Emsal Mahkeme Kararı İstanbul Anadolu 3. Asliye Ticaret Mahkemesi 2020/66 E. 2022/674 K. 06.10.2022 T.

Görüntülediğiniz mahkeme kararı henüz kesinleşmemiştir. Yararlı olması amacıyla eklenmiştir.

T.C. İstanbul Anadolu 3. ASLİYE TİCARET MAHKEMESİ

ESAS NO:2020/66 Esas
KARAR NO:2022/674
DAVA:Tazminat (Ölüm Ve Cismani Zarar Sebebiyle Açılan Tazminat)
DAVA TARİHİ:19/02/2020
KARAR TARİHİ:06/10/2022
Mahkememizde görülmekte olan Tazminat (Ölüm Ve Cismani Zarar Sebebiyle Açılan Tazminat) davasının yapılan açık yargılaması sonunda,
GEREĞİ DÜŞÜNÜLDÜ:
Davacı vekili dava dilekçesinde özetle; —tarihinde trafik kazası meydana geldiği, kaza neticesinde davalı sigortalıya ait — araç sürücüsünün asli ve tam kusurlu olduğu, — tarihli raporunda davacının dava konusu kaza sebebi ile—oranında daimi sakat kaldığı ve geçici iş göremezlik süresinin—ay olduğunun tespit edildiği, kazaya sebebiyet veren—kapsamında davalı şirkete yapılan başvuru neticesinde açılan—nolu hasar dosyasından davacı tarafa— ödeme yapıldığını, ancak davacının maluliyet oranı belirlenen oranın çok daha üzerinde olduğu, ayrıca geçici iş göremezlik taleplerine ilişkin davacı tarafa herhangi bir ödeme yapılmadığını, açıklanan bu sebeplerden dolayı — daimi iş göremezlik tazminat talebi ile — geçici iş göremezlik tazminat talebinde bulunduğu görülmekle, temerrüt tarihinden itibaren ticari avans faizi ile birlikte davalıdan tahsilini, dava masrafları ile vekalet ücretinin karşı tarafa yükletilmesine karar verilmesini talep ettiği görülmüştür.Davalı vekili cevap dilekçesinde özetle; Dava konusu kaza sebebiyle davalı — şirketine başvurulduğu, açılan hasar dosyası altında — raporu hazırlandığı, hazırlanan rapora göre — tablosuna,— teknik faiz ve sigortalı araç sürücüsünün —- kusur oranına istinaden— tazminat ödemesi yapıldığını, hasar aşamasından yapılan ödeme, poliçe tanzim tarihi itibariyle hesaplanmış olduğu bakiye tazminatın söz konusu olmadığını, yapılan bu ödemelerle davalının sorumluğunun sona erdiğini, geçici iş göremezlik tazminatı poliçe kapsamında olmadığını, davacının ceza yargılaması sırasında şikayetlerinden vazgeçmeleri ya da uzlaşma bildirimleri mahkemece ceza dosyasından tetkik edilerek araştırılması gerektiği, açıklanan bu sebeplerden dolayı davanın reddine, yargılama giderleri ile vekalet ücretinin karşı tarafa yükletilmesine karar verilmesini talep ettiği görülmüştür.

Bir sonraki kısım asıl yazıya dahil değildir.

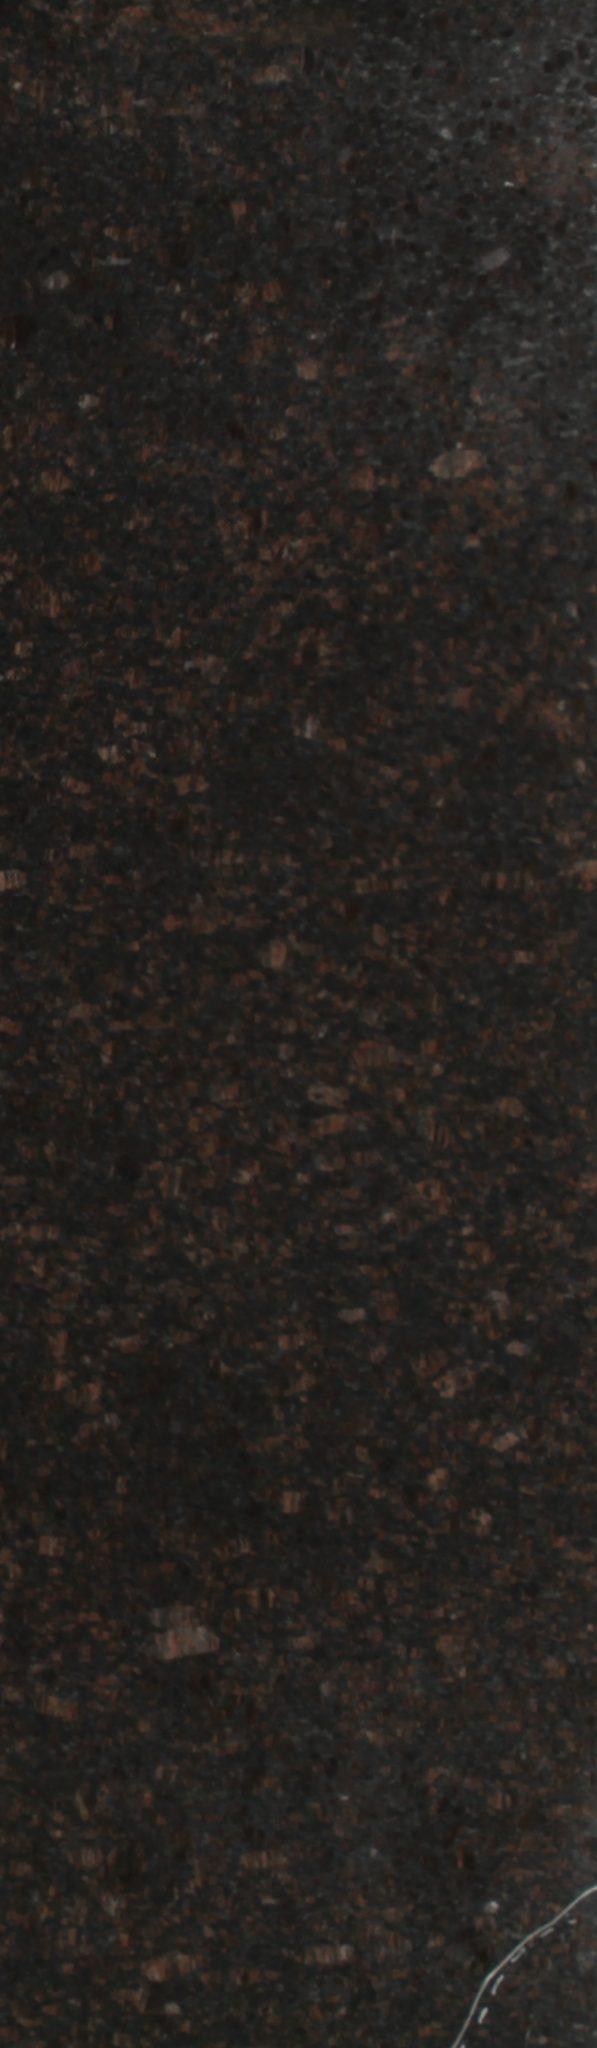 Image for Granite 2186-1: Tan Brown

DELİLLERİN DEĞERLENDİRİLMESİ VE GEREKÇE:
Davacı vekili — tarihli dilekçesiyle açılan davadan feragat ettiklerini, sulh anlaşması gereği zorunlu arabuluculuk ücreti davalı şirket tarafından ödeneceği, onun dışında kalan yargılama giderleri ile vekalet ücreti konusunda tarafların birbirlerinden başkaca harhangi bir talepte bulunmadığını beyan etmiştir. Davalı — vekili tarafından sunulan—tarihli dilekçe ile feragat nedeniyle davanın reddini, davacı taraftan yargılama gideri ve vekalet ücreti taleplerinin olmadığı beyan edilmiştir.

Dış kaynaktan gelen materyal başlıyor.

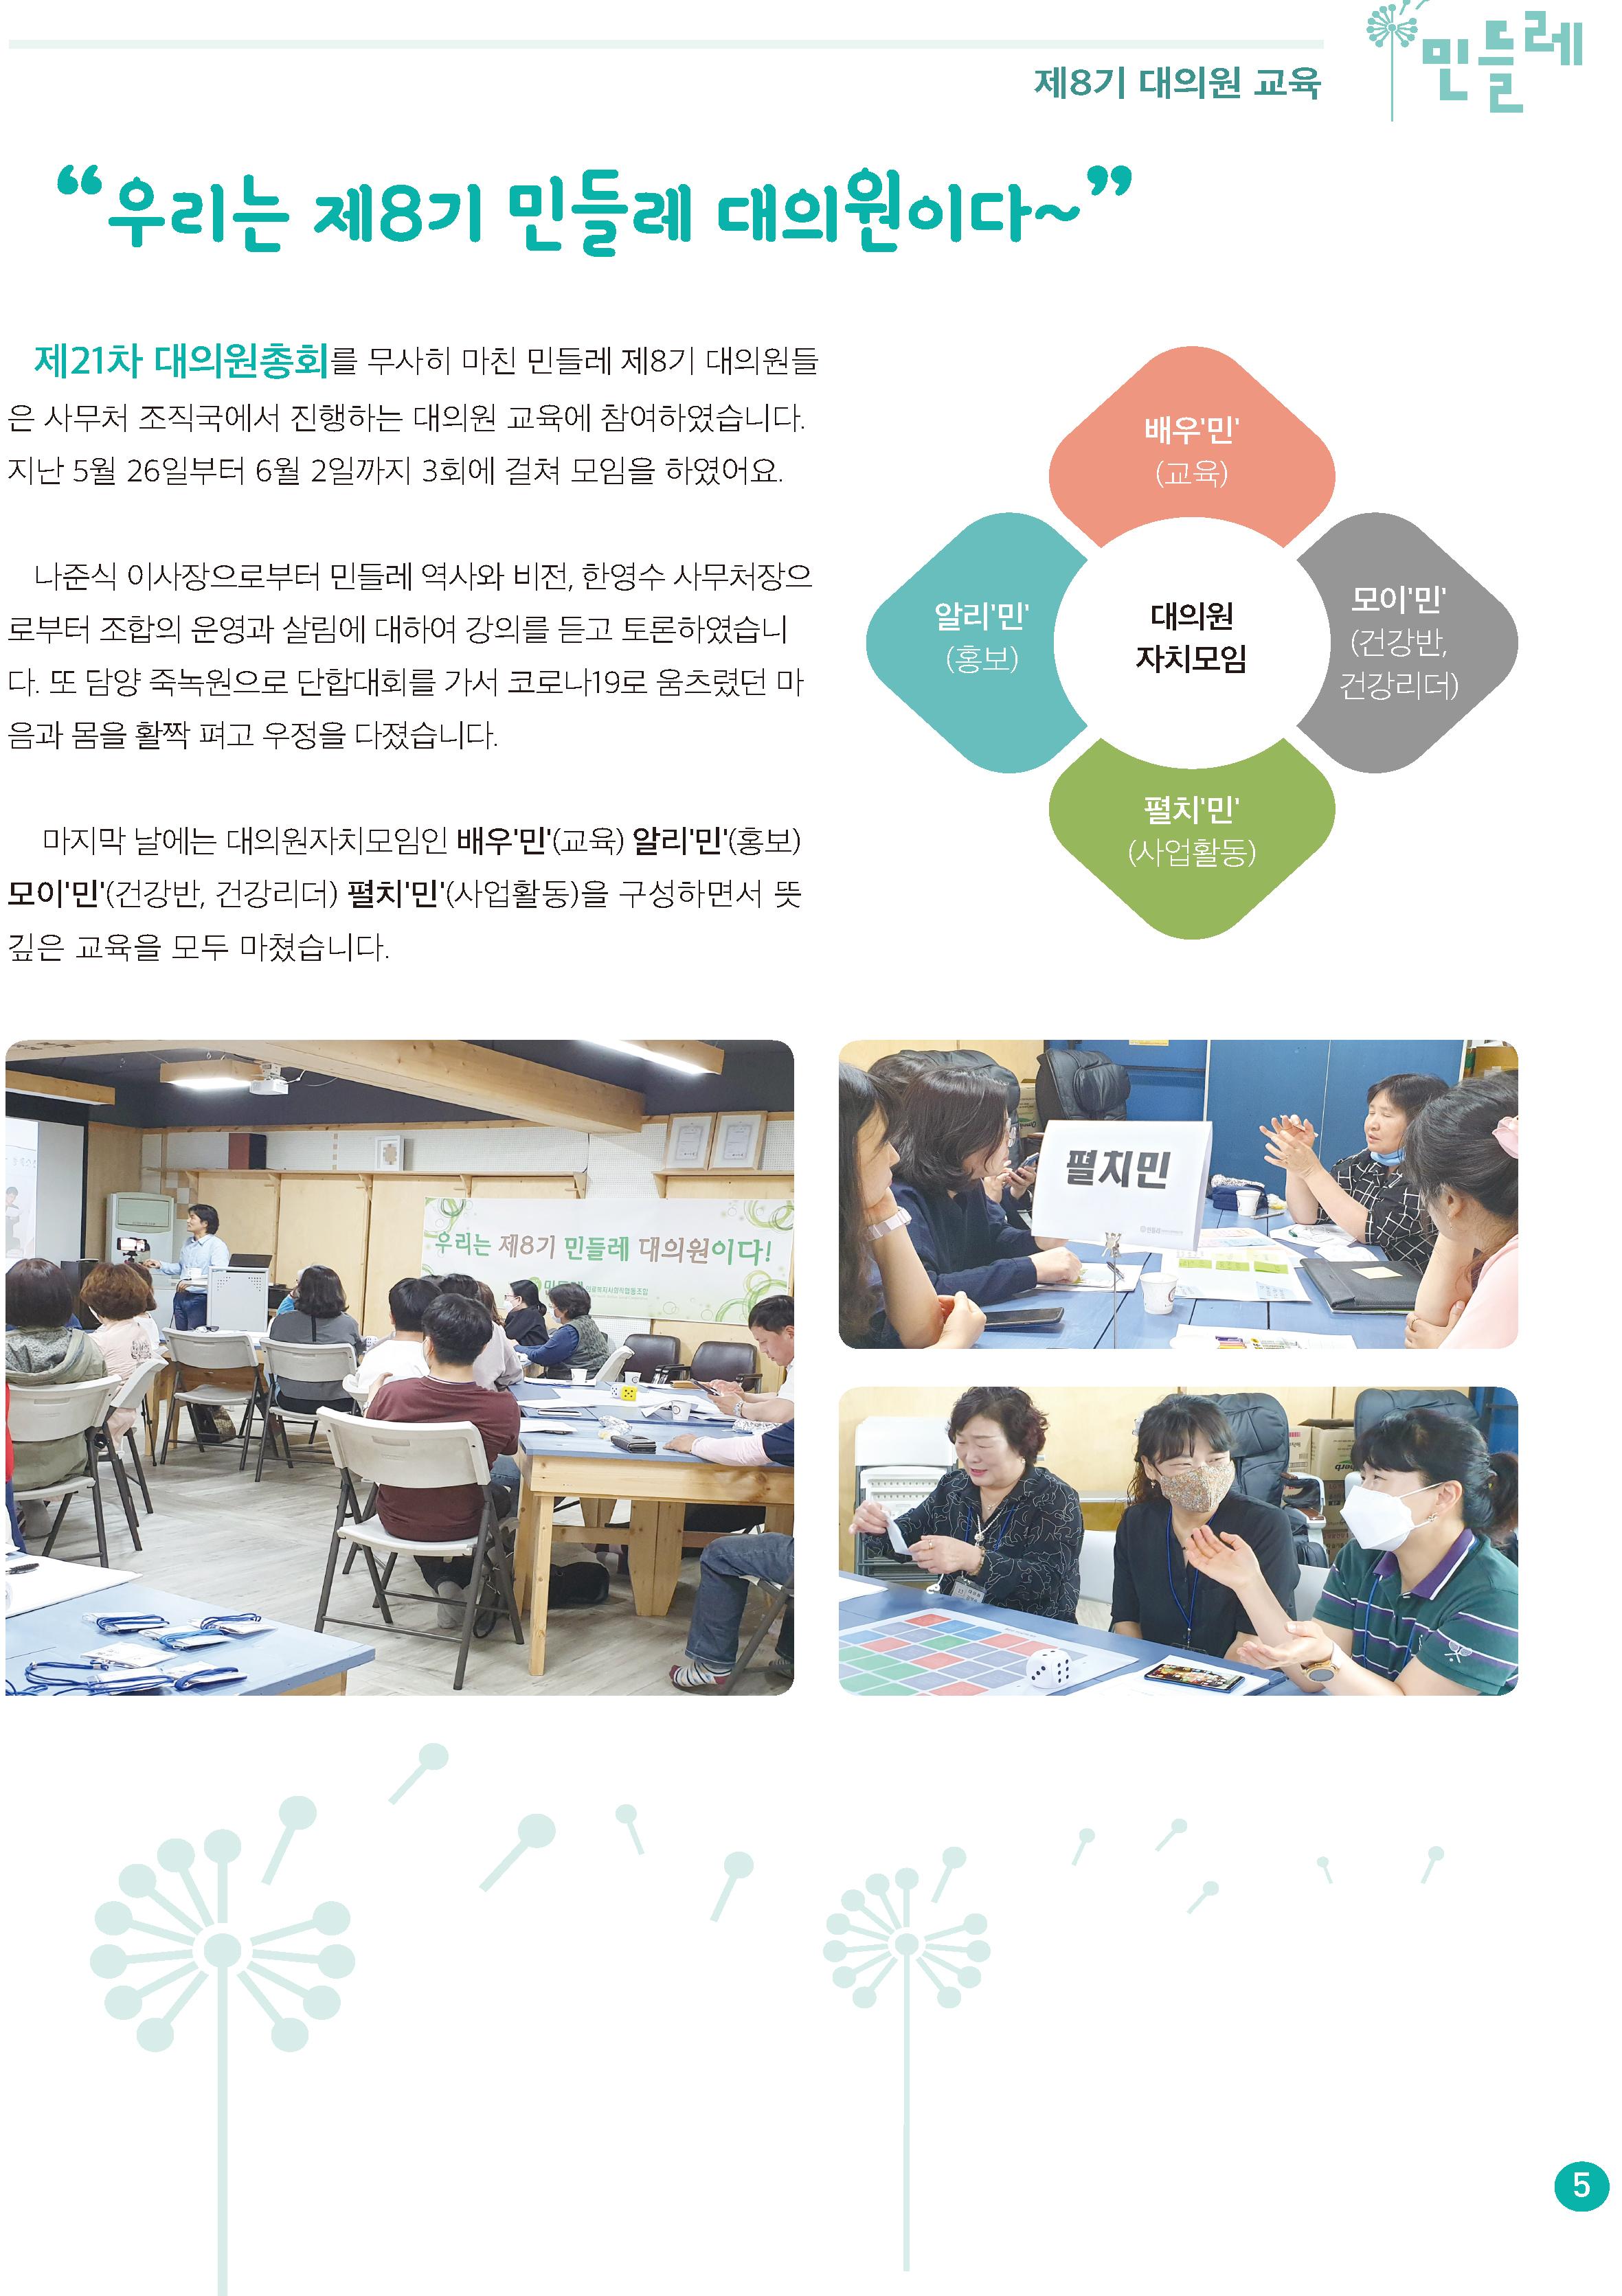 민들레 소식지8월호 시안(최종)-5.jpg

6100 Sayılı HMK.’nın 309. maddesinde “Feragat ve kabul, dilekçeyle veya yargılama sırasında sözlü olarak yapılır. Feragat ve kabulün hüküm ifade etmesi, karşı tarafın ve mahkemenin muvafakatine bağlı değildir. Kısmen feragat veya kabulde, feragat edilen veya kabul edilen kısmın, dilekçede yahut tutanakta açıkça gösterilmesi gerekir. Feragat ve kabul, kayıtsız ve şartsız olmalıdır.” düzenlemesi bulunmaktadır. Bu itibarla, açılan davadan feragat edilmiş olduğundan, yukarıda açıklanan hüküm nedeniyle davanın reddine karar verilmiş ve aşağıdaki şekilde hüküm kurulmuştur.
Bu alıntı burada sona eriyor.